State Rep. John LaBruzzo has now recanted his support for the pay raise for legislators sitting on Gov. Bobby Jindal’s desk, adding to the printed pledge of state Rep. Frank Hoffman. Assuming no other changes that leaves just two votes over the minimum to have passed the bill in the House (and a single Senate defection would lose the majority in that chamber) and provides increased justification for a Jindal veto.

Yet Jindal repeated he will not veto it because he thinks it would endanger his future program. This goes to show Jindal continues to have a serious blind spot on some matters leading him to misjudge the political consequences of some of his decisions. We know this because we’ve seen it before – Jindal was way slow getting onboard the Stelly income tax reversal train and it nearly ran him over.

Jindal himself even is starting grasp this, indicated when he told an audience that next year he would keep closer watch over the Legislature. But this cannot help him in the near term in resolving this issue. And there seem to be a fantastic disconnection in his head if on the one hand he says he has "learned my lesson" but on the other is doing nothing tto stop what he has called consistently bad legislation. Why would he deliberately want to inflict bad policy on the state when he has the power to stop it?

What Jindal fails to realize is reminders about a failure to act are going to keep coming at least over the next couple of weeks, and maybe several months now that one conservative activist has said he will challenge the measure if it becomes law on the basis that Art. X Sec. 29.1 of the Louisiana Constitution defines legislators as “part-time public servants.” Meanwhile, he seems to underestimate the penalties by not vetoing and to overestimate the costs of vetoing.

He has to recognize that the greatest strength he can bring to bear to favor his program is public opinion. No matter how many muscles legislative leaders may try to flex, they cannot hold back a wildly popular governor, and that’s what he will return to if he vetoes. So when Jindal states that popularity is at loggerheads with his ability to pass his program, it reveals a shocking ignorance about how the political world works.

Added to the strength conveyed by popularity are a good minority of legislators who will back him on this whose numbers seem to be growing as they better detect the public’s revulsion at the size and scope of the raise – many of whom also support his ideas. His only cost is to break one promise to leaders at the expense of another he made to voters not to support a raise concurrent with the existing term in office, which this one does. And, he should make no mistake, not vetoing will be seen by the public as tacit support no matter how many times he says he really is against it.

Not vetoing destroys this public legitimacy he could have earned by keeping a promise and doing what was popular to voters, and forfeits support he could derive from opponents of the raise in the Legislature.
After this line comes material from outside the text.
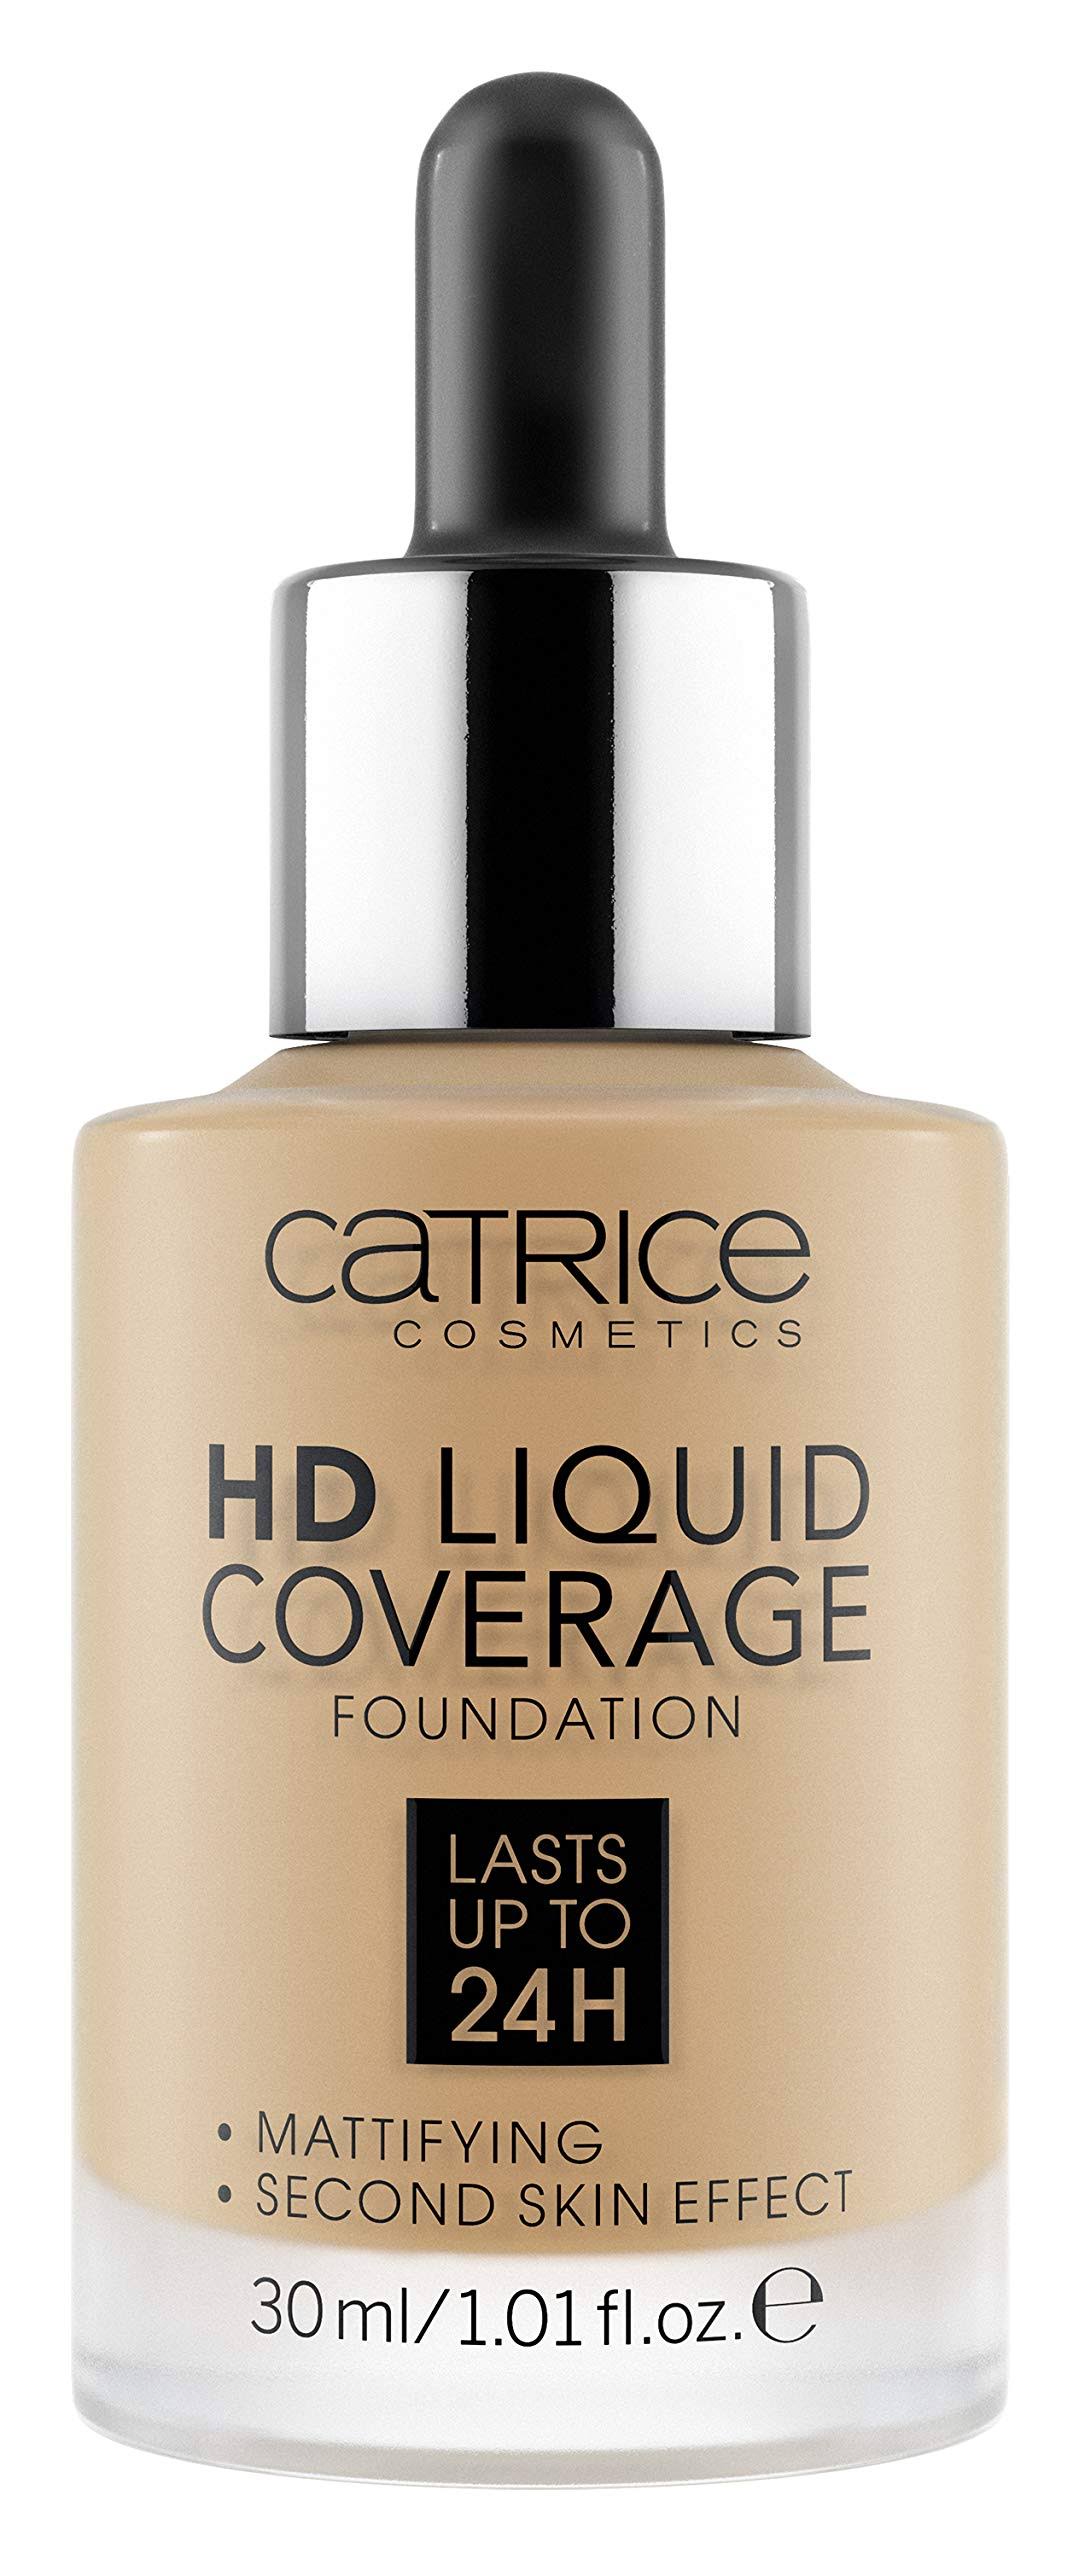 Catrice HD Liquid Coverage Foundation 046 Camel Beige 30ml (1.01fl oz)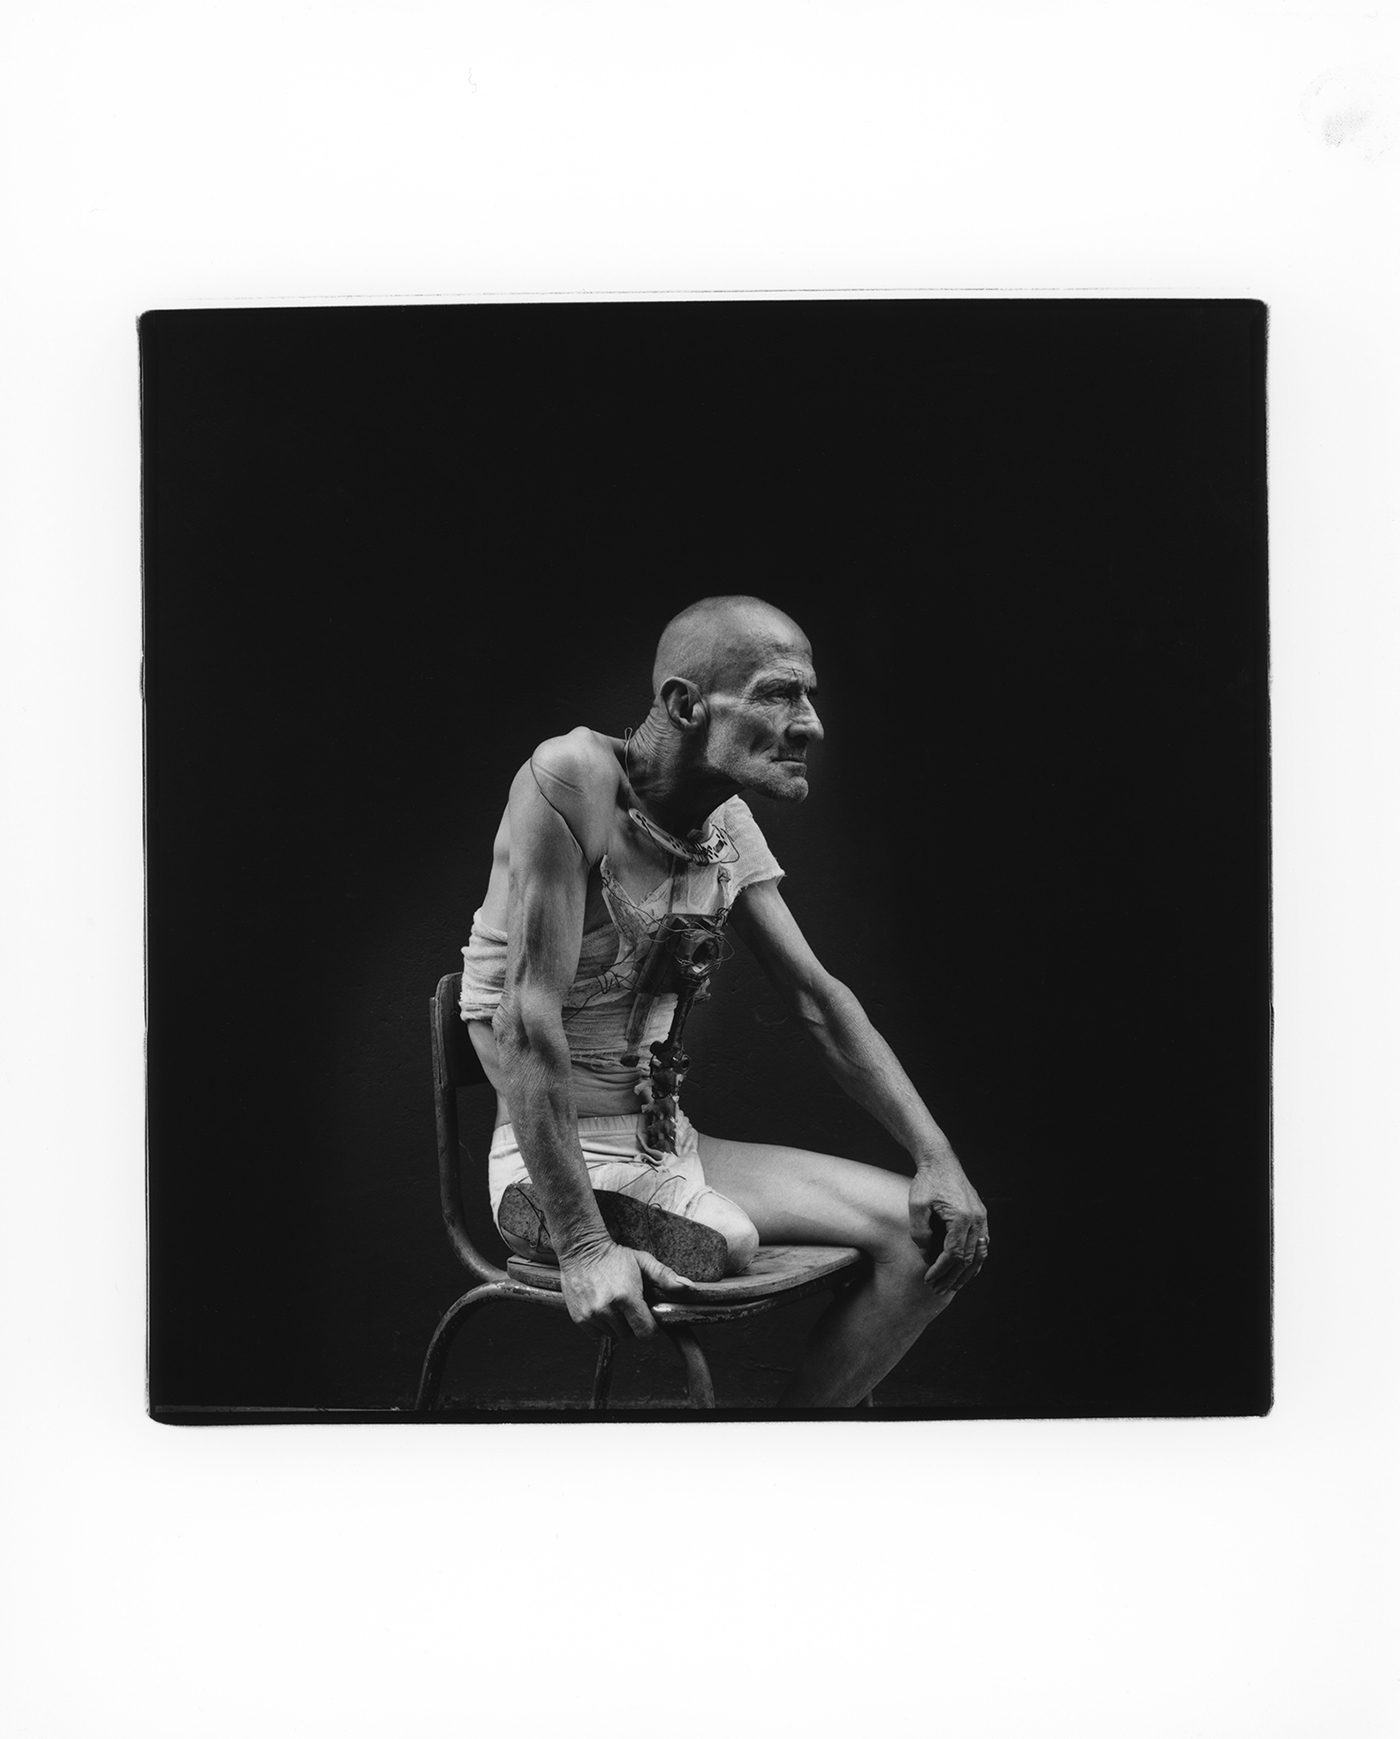 Adobe Portfolio blackandwhite Analogue film120 Hasselblad ortopedics imaginary darkroom sculpture

Many in the Legislature may like him as a result but whether this would aid his agenda is debatable. He will be seen as a weakling and treated as such by them and, unless he can get it all through in the next three years, at this point it is uncertain whether he’ll be allowed by the voters to have four more years to finish, perhaps primarily because of a failure to veto. Penalties don’t get much higher than that.

The potentially fatal political miscalculations Jindal is making are he does not understand the ability to push his program is unlikely to be significantly improved by letting the bill go into law whereas his agenda likely will be by vetoing it. Why he does not get that he will come out weaker without a veto may be explained only either by some misguided belief in the absolute good of legislative independence, or just sheer ineptitude maybe hoisted on his own petard by keeping himself too insulated during this legislative session.

Perhaps the most difficult thing for a political figure to learn is prudence, figuring out when a minor retreat in upholding a lesser principle will lead to greater gains in implementing policy based on greater principles. If Jindal has not figured this out, his administration will go down in flames, and deservedly so.